§ **WHAT THE TASK ASKS**:
Could you print the stretch of lines below from the one with "Bubble plot for" through the one with "Gold Laurels Slate", exactly as they stand and without any pictures?

§ **RAW DATA**:
================================
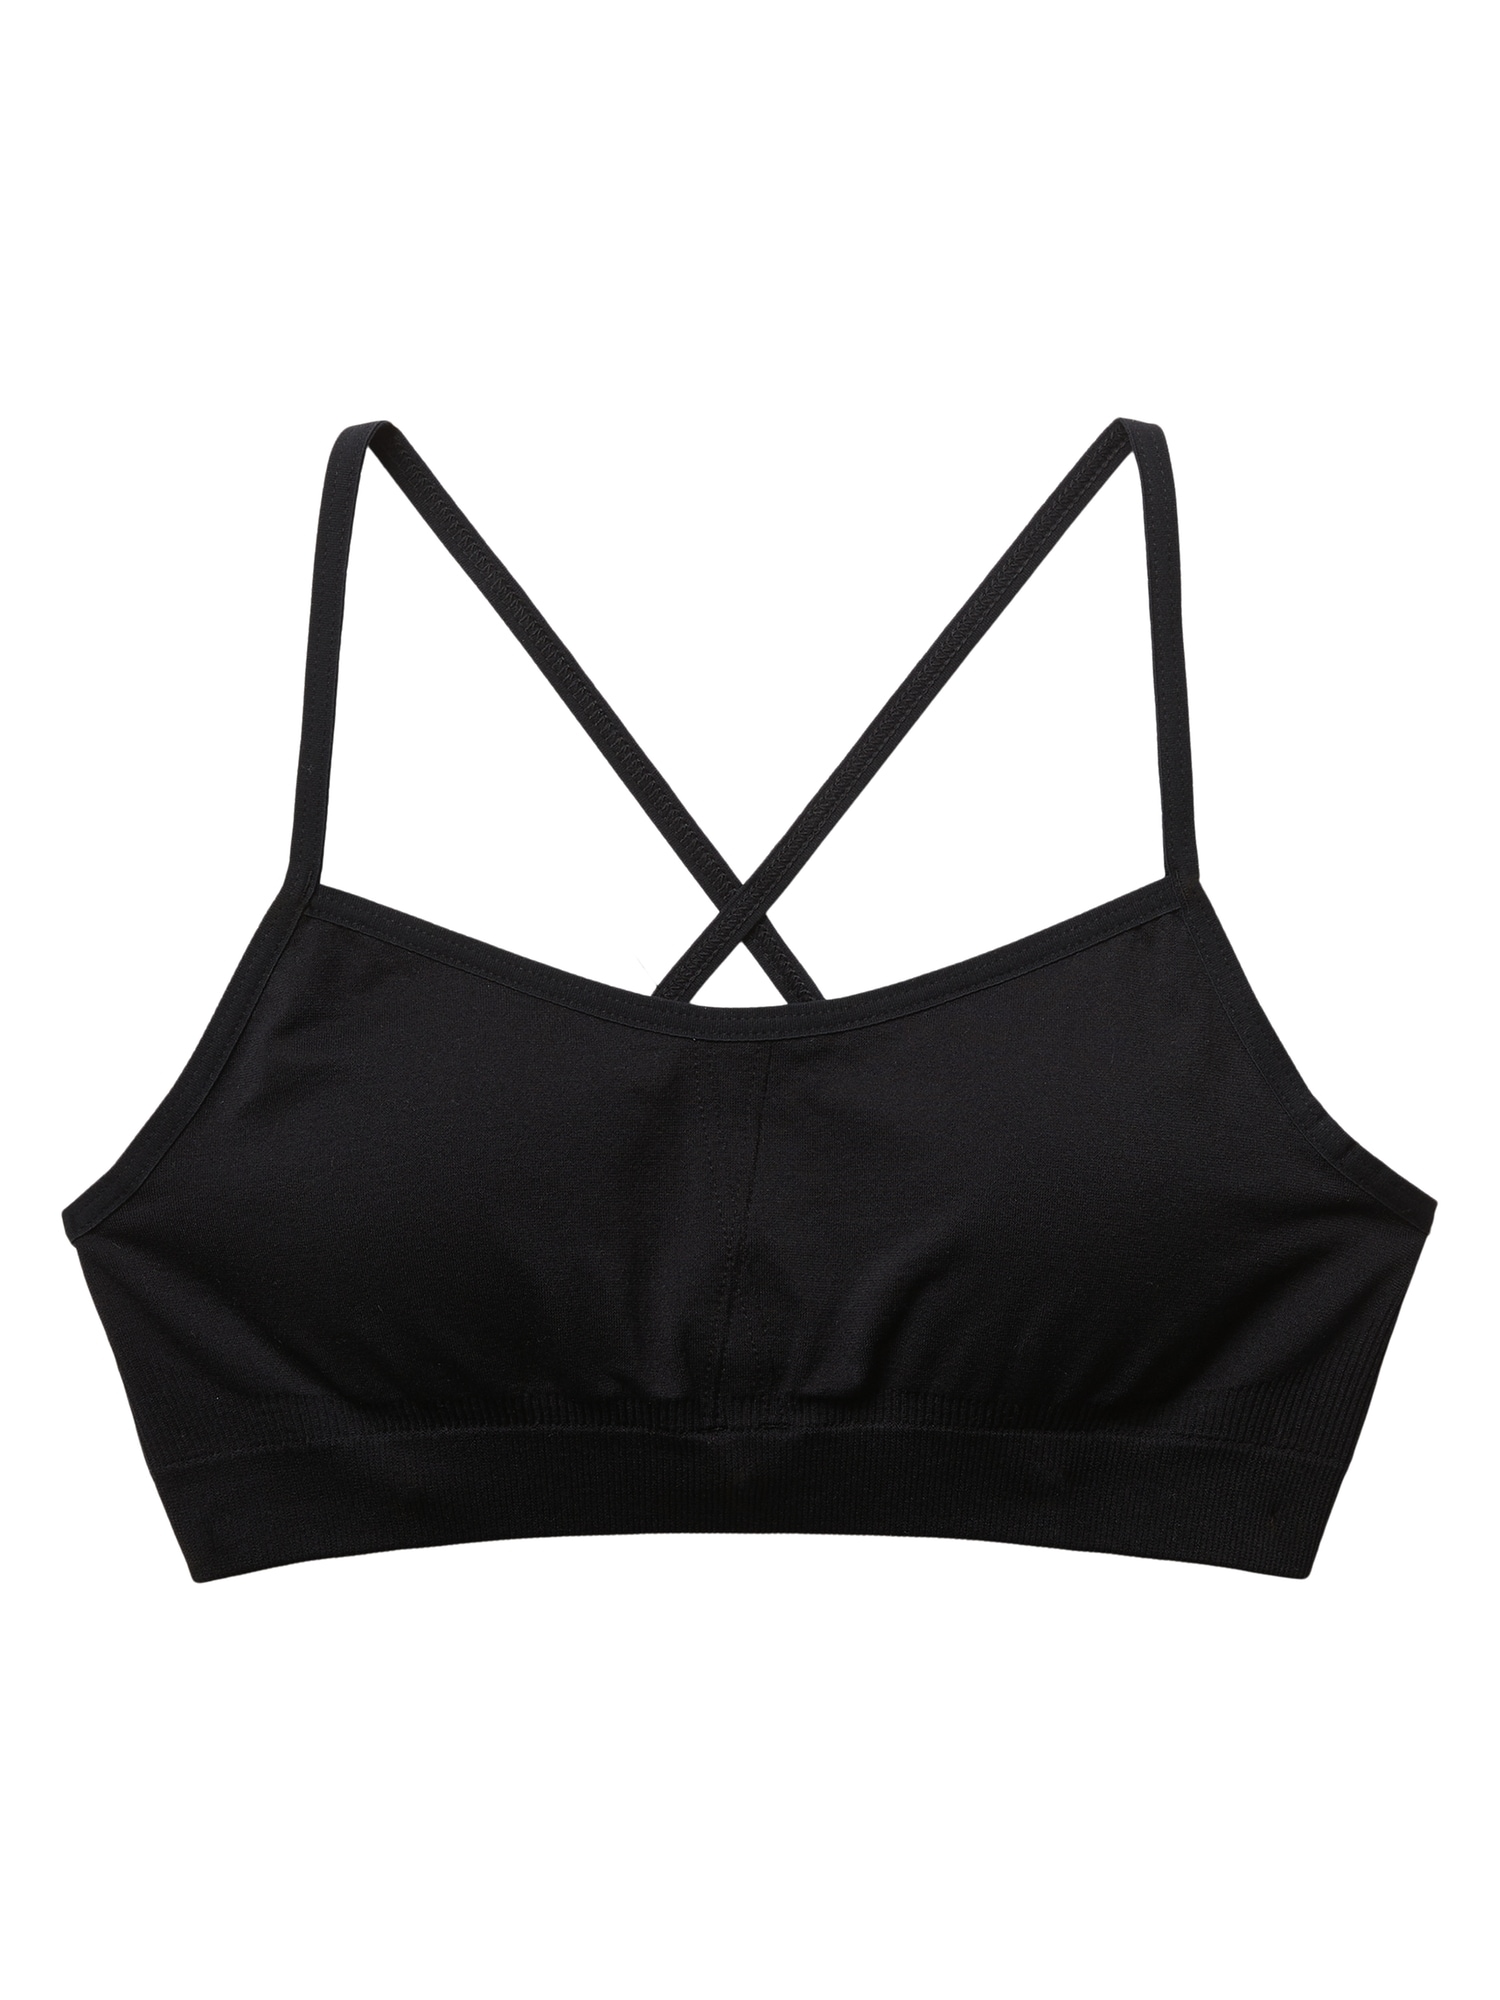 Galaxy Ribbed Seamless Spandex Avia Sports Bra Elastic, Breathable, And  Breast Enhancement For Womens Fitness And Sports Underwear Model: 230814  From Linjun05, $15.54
================================
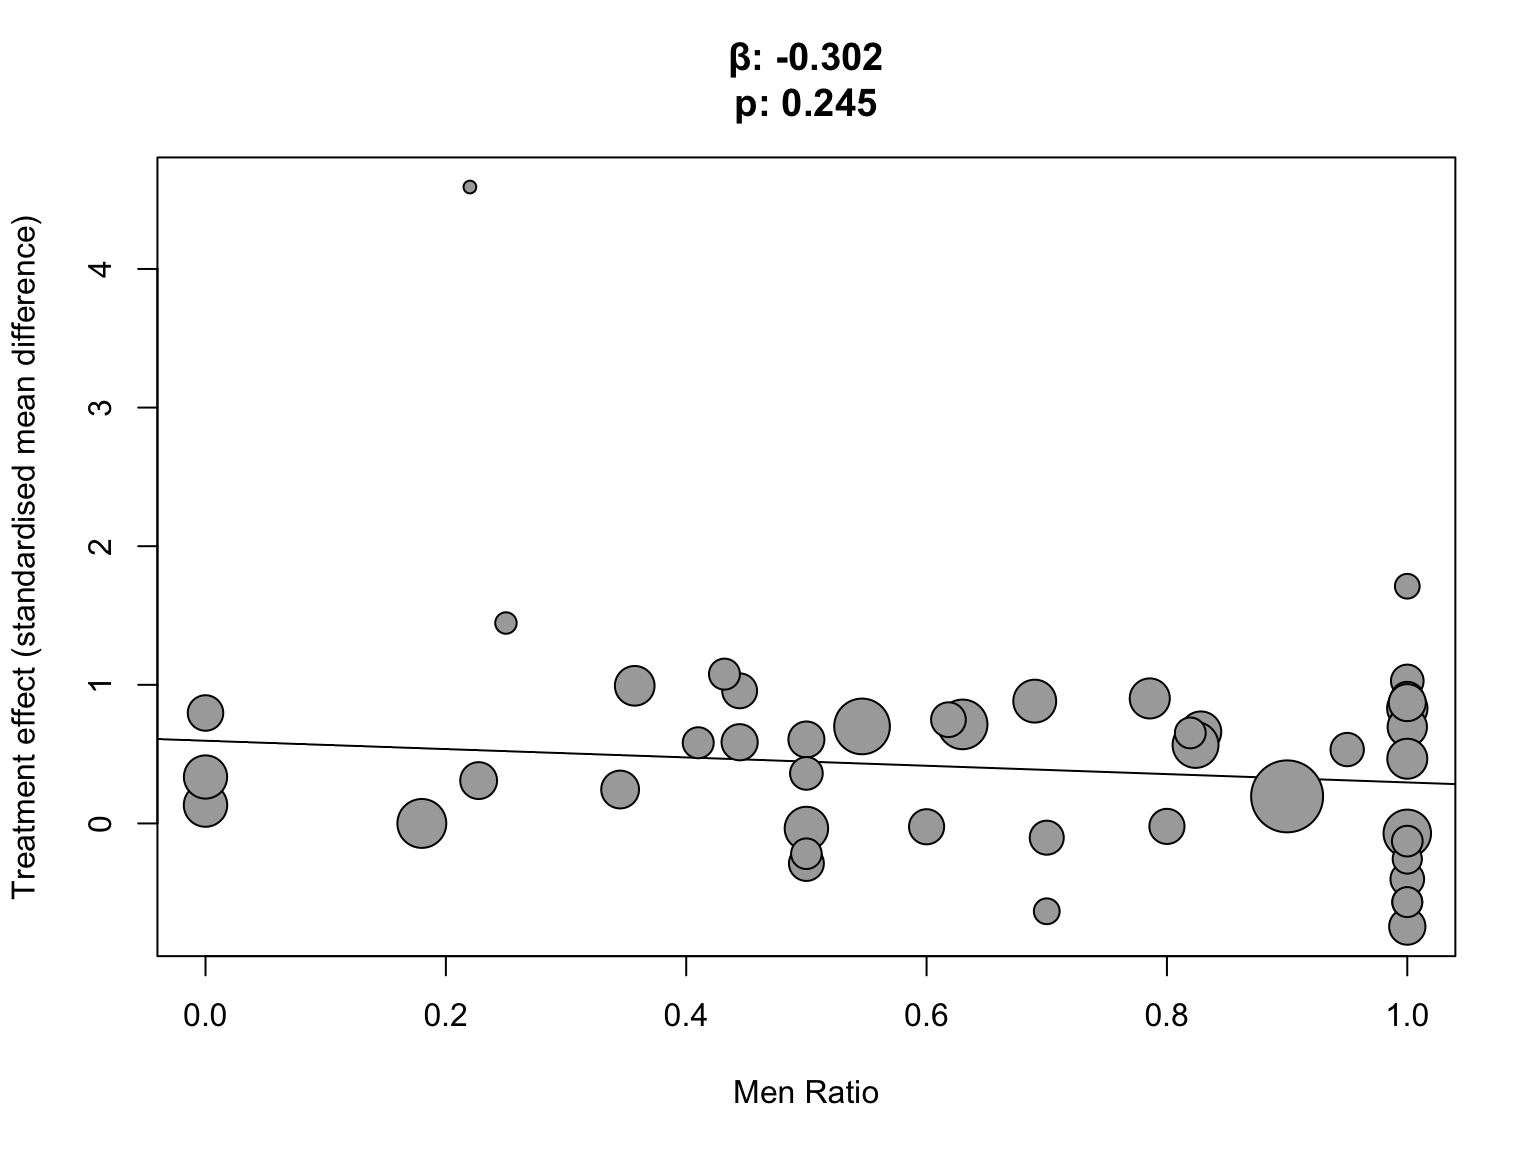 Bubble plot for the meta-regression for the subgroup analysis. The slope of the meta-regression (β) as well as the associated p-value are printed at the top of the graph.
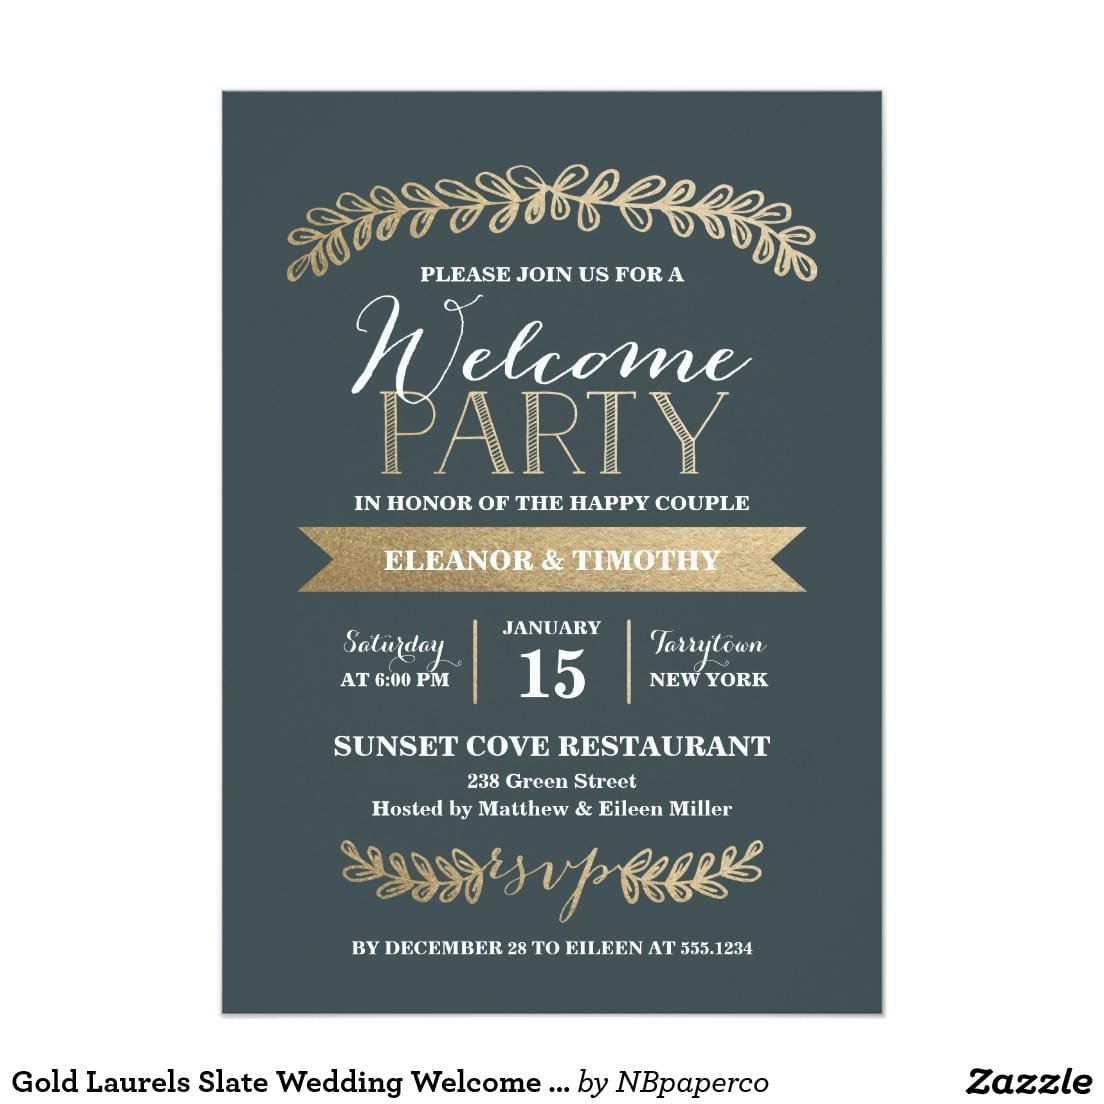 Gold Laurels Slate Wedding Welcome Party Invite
================================
§ **REPLY**:
 Bubble plot for the meta-regression for the subgroup analysis. The slope of the meta-regression (β) as well as the associated p-value are printed at the top of the graph.
 Gold Laurels Slate Wedding Welcome Party Invite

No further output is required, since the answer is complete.